If the QPL_FLAG_START_NEW_BLOCK
flag is not used, then the table
pointed to in the job structure must be the same as those used by the
previous job. If the tables are changed without signaling the library with
the appropriate flags, the resulting bit-stream will not be valid.
Attention
The current implementation does not support canned compression
across multiple jobs, thus canned compression jobs must specify
the flags QPL_FLAG_FIRST
| QPL_FLAG_LAST
.
Structure of Compressed Data#
Fixed Blocks#
If a single job is used, compressible data will result in one large fixed block, while incompressible data could lead to multiple stored blocks.
If multiple jobs are used and all data are compressible, then the result will be one large fixed block followed by a zero-length stored block which is marked as the final block. When some of the jobs contain incompressible data, the result will be a mixture of fixed blocks, stored blocks, and a possible zero-length stored block at the end. Note that there will be at most one fixed block between stored blocks.
Dynamic Blocks#
On the hardware_path
, the data from one job will be compressed as a single
dynamic block when the data is compressible, or as multiple stored blocks
when the data is incompressible. The data from one job may be compressed
as multiple dynamic blocks on the software path.
Static Blocks#
The structure of compressed data using static compression is similar to
what was described in Fixed Blocks,
except that there can be multiple static blocks between stored blocks
due to the change of a Huffman table using QPL_FLAG_START_NEW_BLOCK
.
Canned#
Canned compression only writes the body of one static block to the output
buffer. If the input data is incompressible, even when the size of the
output buffer is enough for a stored block, the library returns the
QPL_STS_MORE_OUTPUT_NEEDED
status.
Compression Output Overflow#
If the compressed output does not fit into the output buffer (e.g., a bad Huffman table
is provided by the application, causing data to expand in a static compression),
the library attempts to copy the input data into the output stream as a series
of stored blocks
. When the stored blocks
fit into the output buffer,
the library writes them to the output buffer and returns the
successful QPL_STS_OK
status. If the stored blocks do not
fit, the library returns the QPL_STS_MORE_OUTPUT_NEEDED
status and
the compression fails.
Attention
Currently, Intel QPL does not have an API to return maximum compressed size for a given source size.

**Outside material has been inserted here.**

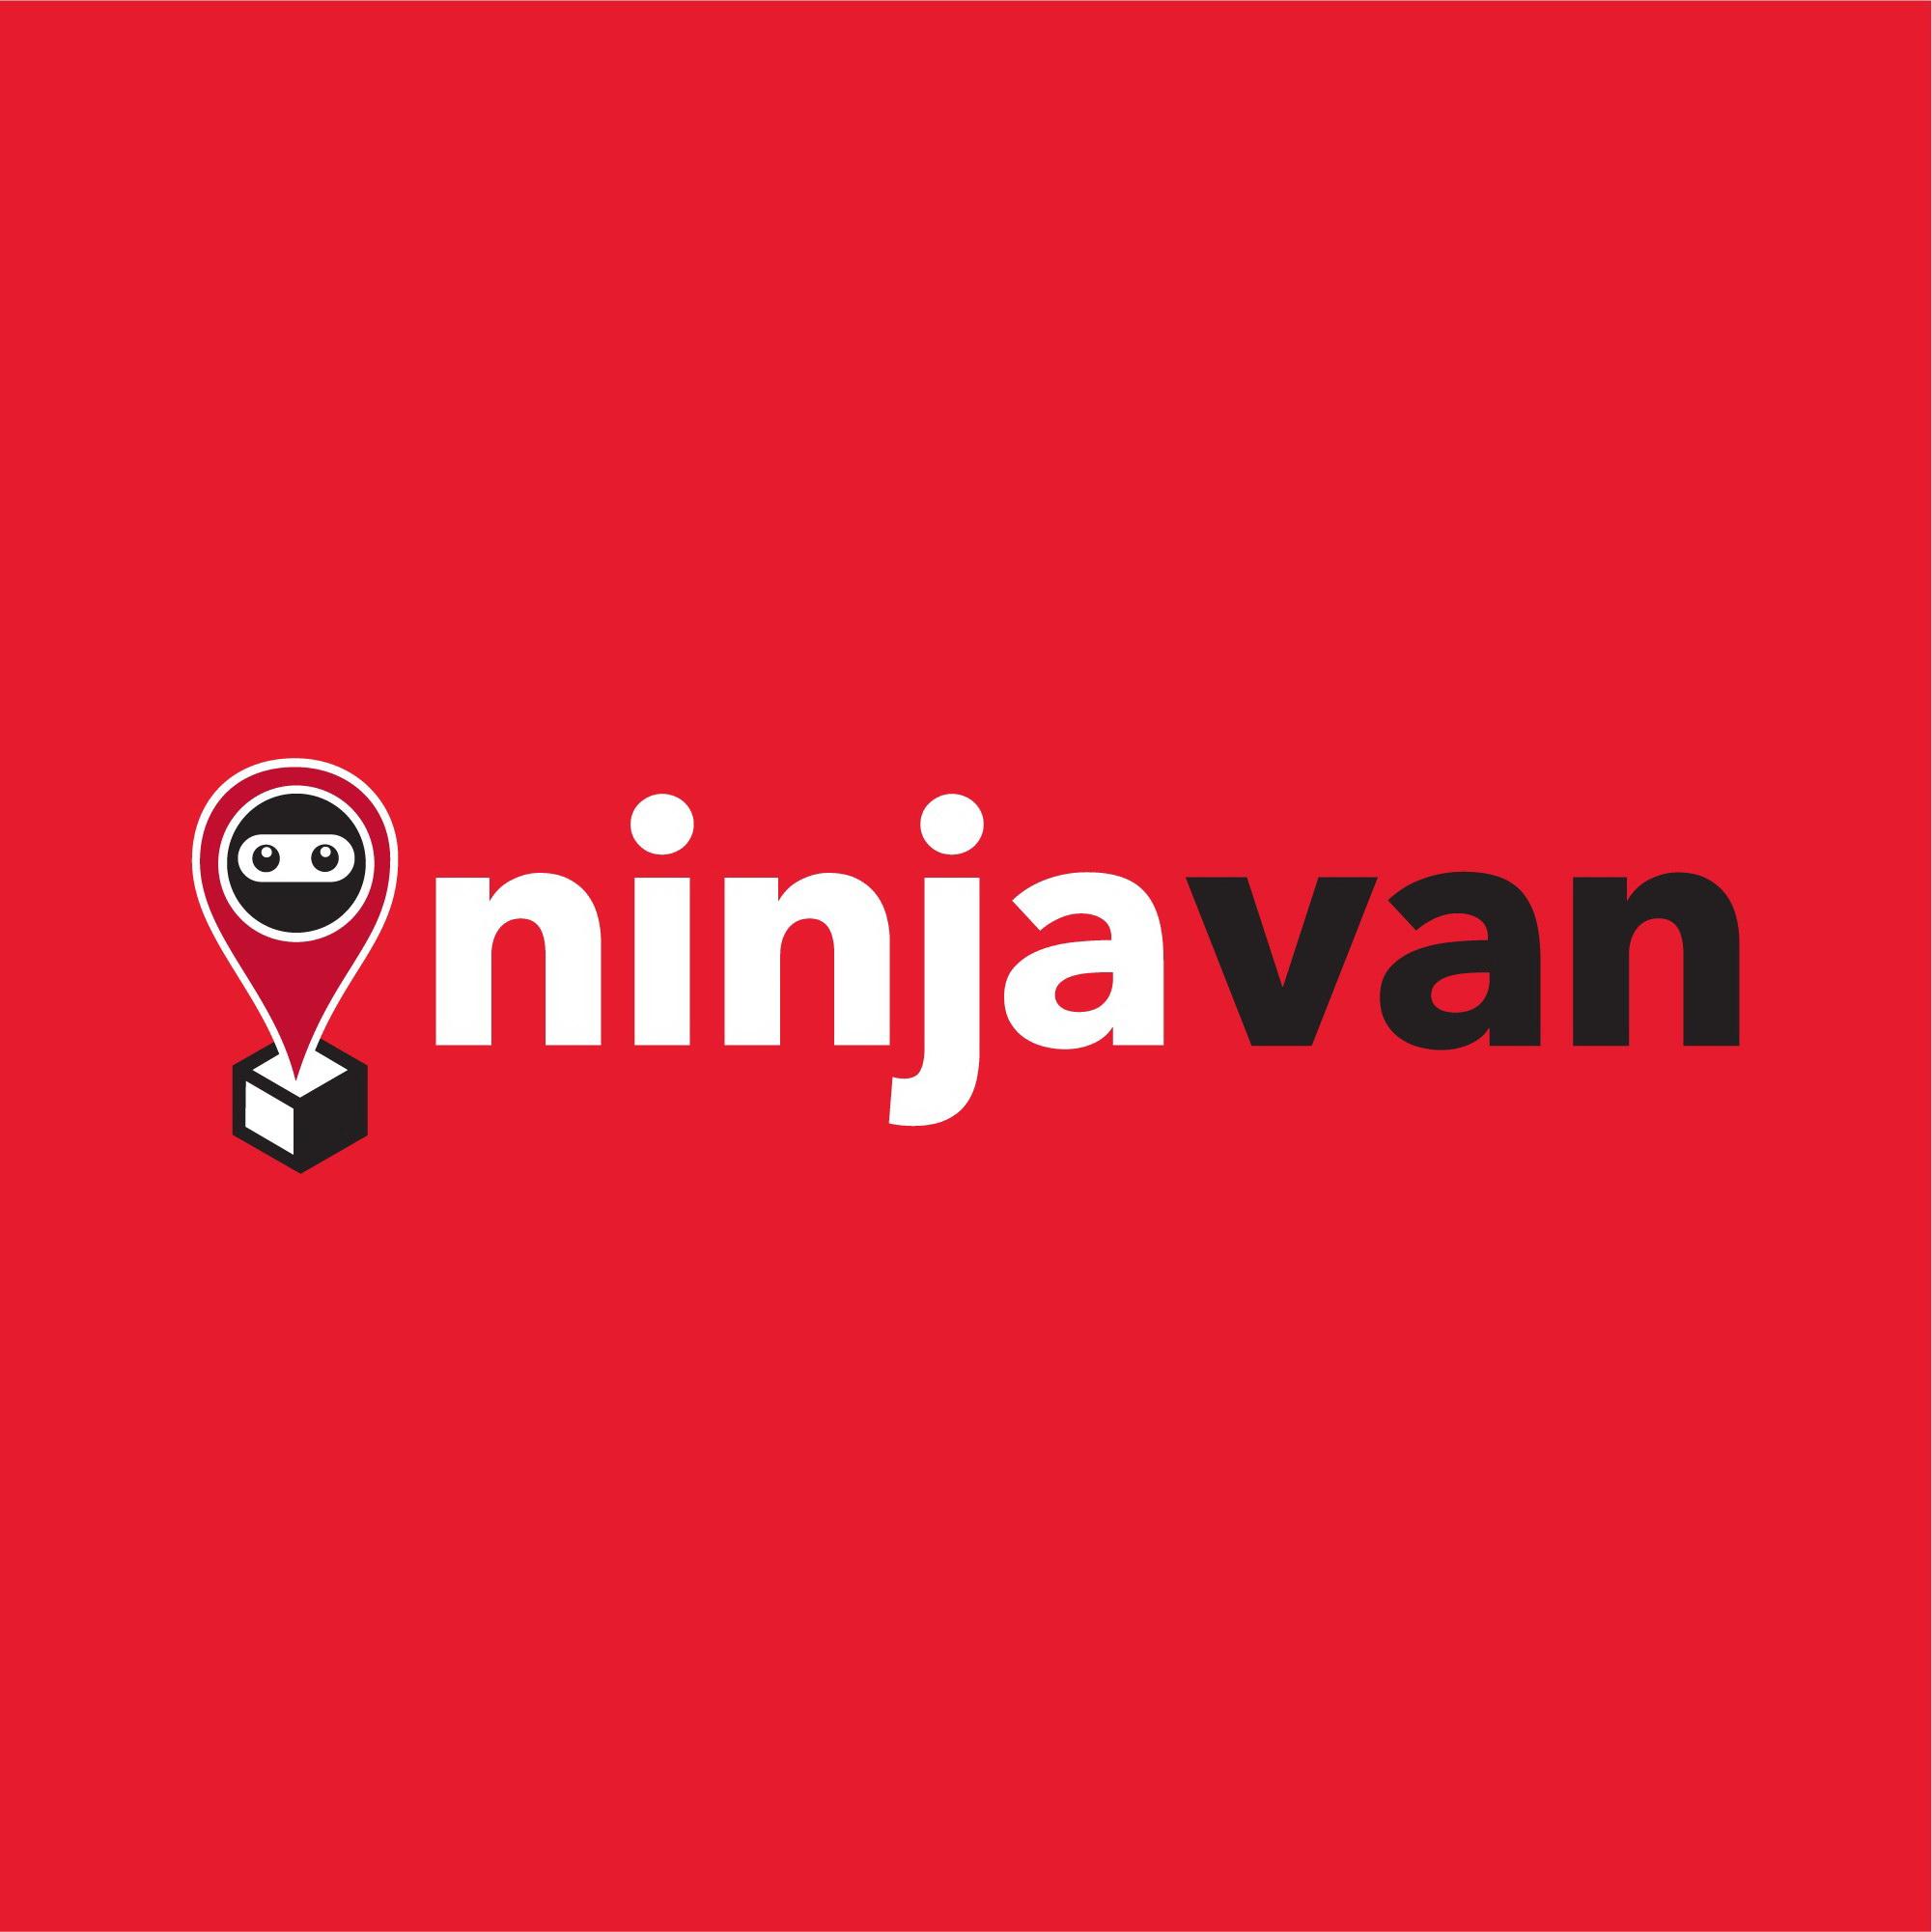  Ninja Van

To avoid getting QPL_STS_MORE_OUTPUT_NEEDED
for incompressible source data,
users are suggested to use an output buffer with a size slightly larger than the size of
the input buffer so that it can accommodate the additional headers for stored blocks.
This suggestion does not apply to canned compression
(see Canned).
Compression Verification#
By default, the library will verify the correctness of the generated
compressed bit stream. The library decompresses the resulting bit
stream, and then checks that the CRC of the decompressed data matches
the CRC of the original data. If the user does not want to pay the
additional performance cost for verification, the step can be skipped
with the QPL_FLAG_OMIT_VERIFY
flag.
Attention
Currently verification is not performed for Huffman-only compression on the hardware path. For more information on Huffman-only, see Huffman-Only Compression and Decompression.
Warning
Currently compression verification on the software path only works with indexing and data of size smaller than 32 KB in other modes.